An annual operating-cost number for both deployment paths, with documented assumptions. A breakeven volume that tells you whether the migration is on the table or theoretical. A sensitivity reading that surfaces which input matters most. A reproducible artifact for finance review. Token economics, capital allocation, and operating cost are now connected through a single unit.

Export

Download the current configuration. JSON preserves the full structure for re-import. CSV is a flat key/value file that opens directly in Excel or Sheets — useful for finance modeling and audit trails.

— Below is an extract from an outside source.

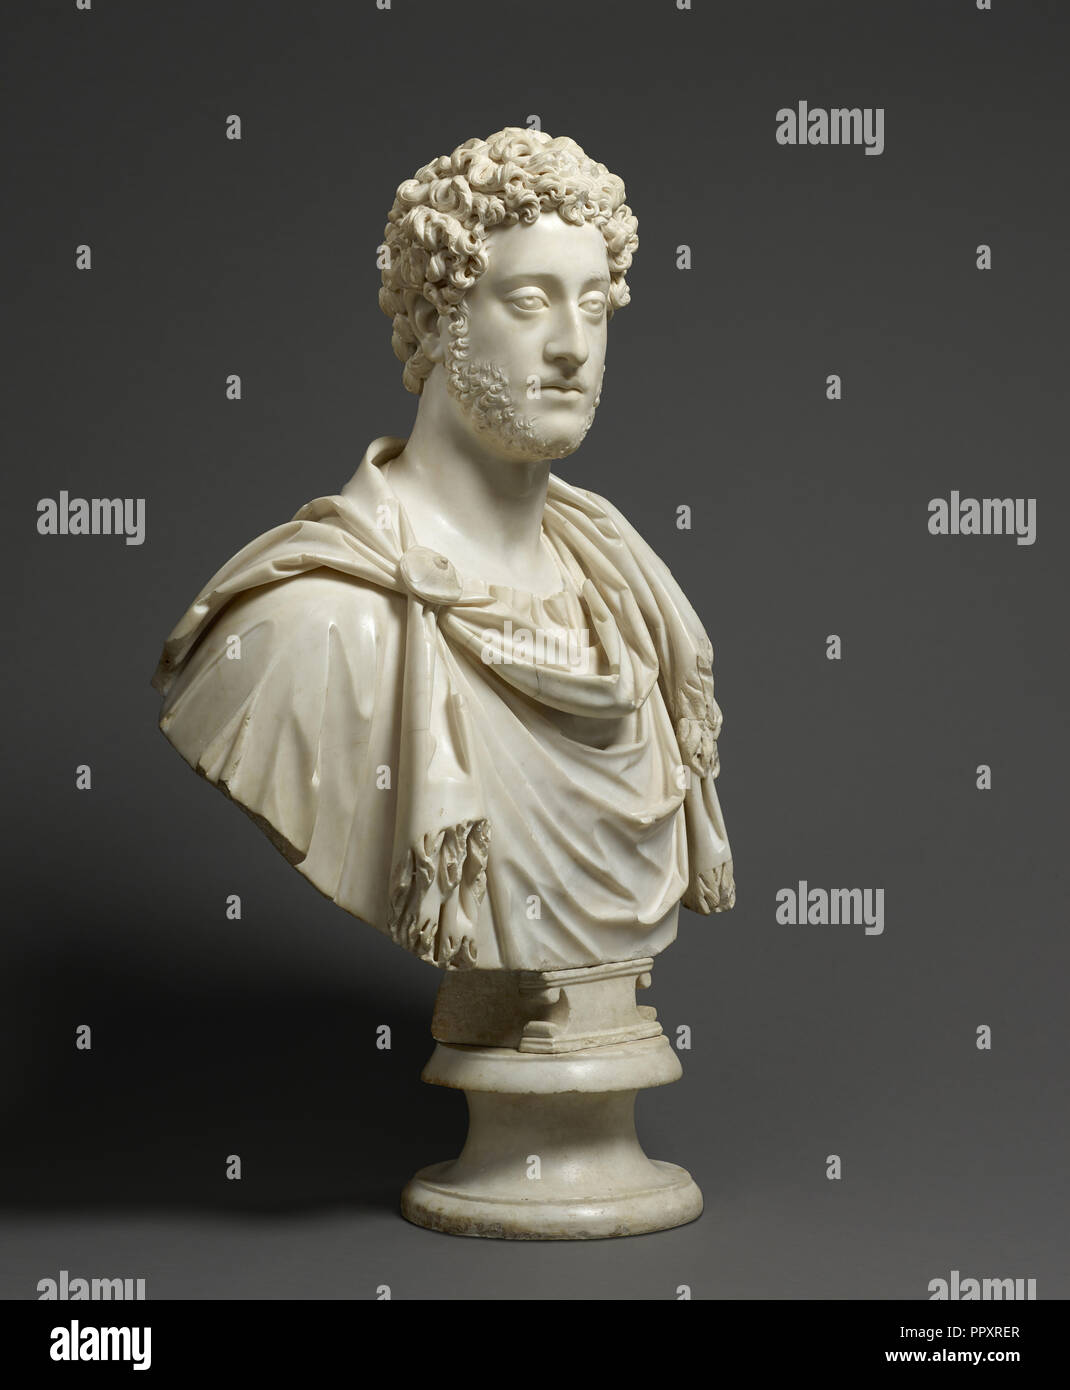 Busto del emperador Cómodo; Romano; Roma, Italia; 180 - 185; Mármol; 69,9 ×  61 × 22,8 cm, 92.9874 kg, 27 de 1,2 × 24 × 9 in., 205 lb Fotografía de  stock - Alamy

Full Assumptions & Sourcing

Show every default value, its source, and its rationale

Value	Default	Source & rationale
H100 SXM power draw	700 W	NVIDIA H100 SXM5 datasheet TDP. Real production draw under sustained inference load is typically 70–90% of TDP — the GPU rarely runs at thermal limit continuously.
H200 SXM power draw	700 W	NVIDIA H200 datasheet. Same TDP envelope as H100; difference is HBM3e capacity and bandwidth, not power.
A100 80GB power draw	400 W	NVIDIA A100 SXM4 80GB datasheet TDP.
L40S power draw	350 W	NVIDIA L40S datasheet TDP. Common choice for cost-optimized inference where HBM is overkill.
L4 power draw	72 W	NVIDIA L4 datasheet TDP. Edge-class inference accelerator.
H100 capex	$30,000	List/street pricing typical for SXM5 modules through enterprise channels. Negotiated volume pricing varies considerably.
Server overhead capex	$5,000 / GPU	Per-GPU share of chassis, dual CPU, 1–2TB RAM, NVMe, networking. For an 8-GPU HGX node, divide total non-GPU server cost by 8.
Server overhead power	200 W / GPU	Per-GPU share of host CPU, RAM, NICs, fans, storage. 8-GPU nodes typically draw 1.5–2 kW outside the GPUs themselves.
Useful lifetime	4 years	Common depreciation horizon for production GPU clusters. Tax-accounting useful life often differs (Meta and Microsoft have publicly extended to 6 years for accounting purposes).
Effective utilization	70%	Steady-state production. Idle time is time GPUs amortize capex with no predictions returned. High-volume API providers achieve 80–90%; bursty enterprise workloads run 40–60%.
Electricity rate	$0.12 / kWh	Approximate US industrial average. Hyperscalers with long-term PPAs reach $0.04–0.07; high-cost regions and edge sites exceed $0.20.
PUE	1.4	Typical enterprise data center. Modern hyperscale runs 1.1–1.3 (Google reports fleet PUE ~1.10). Edge / on-premises closets often 1.6–1.8+.
Grid carbon intensity	380 gCO₂ / kWh	US grid average; varies dramatically by region and time of day. CAISO daytime can be 200; coal-heavy grids exceed 700. Ember and ElectricityMap publish location-specific data.
Cloud vendor margin	0% (self-host) / 30–50% (cloud)	Markup over underlying energy + hardware cost in cloud GPU rental. Reverse-engineered from public hourly rates against datasheet TDP and street capex.
Network / storage / prediction	0.005¢	Order-of-magnitude estimate for vector DB read + egress + blob I/O on a typical RAG inference. Highly implementation-dependent; replace with measured value.
Software / orchestration	$500/mo	Order-of-magnitude for serving framework + observability + gateway. Material for small workloads, negligible at scale.
API rates (Sonnet-class default)	$3 in / $15 out per M tokens	Anthropic published list price for mid-tier model. Editable to match negotiated rates or alternative vendors.
Edge preset	100K/mo, L4, 0.3s, $0.10/kWh	Small classifier or embedded chatbot at branch / store-level. Low volume; hardware amortization dominates CPP.
Enterprise preset	5M/mo, H100, 1.5s, $0.12/kWh	Internal RAG assistant or coding tool at mid-to-large company. The most common shape.
Production preset	100M/mo, H100, 2s, $0.15/kWh	Customer-facing product feature at scale. Energy starts to register as a real line item.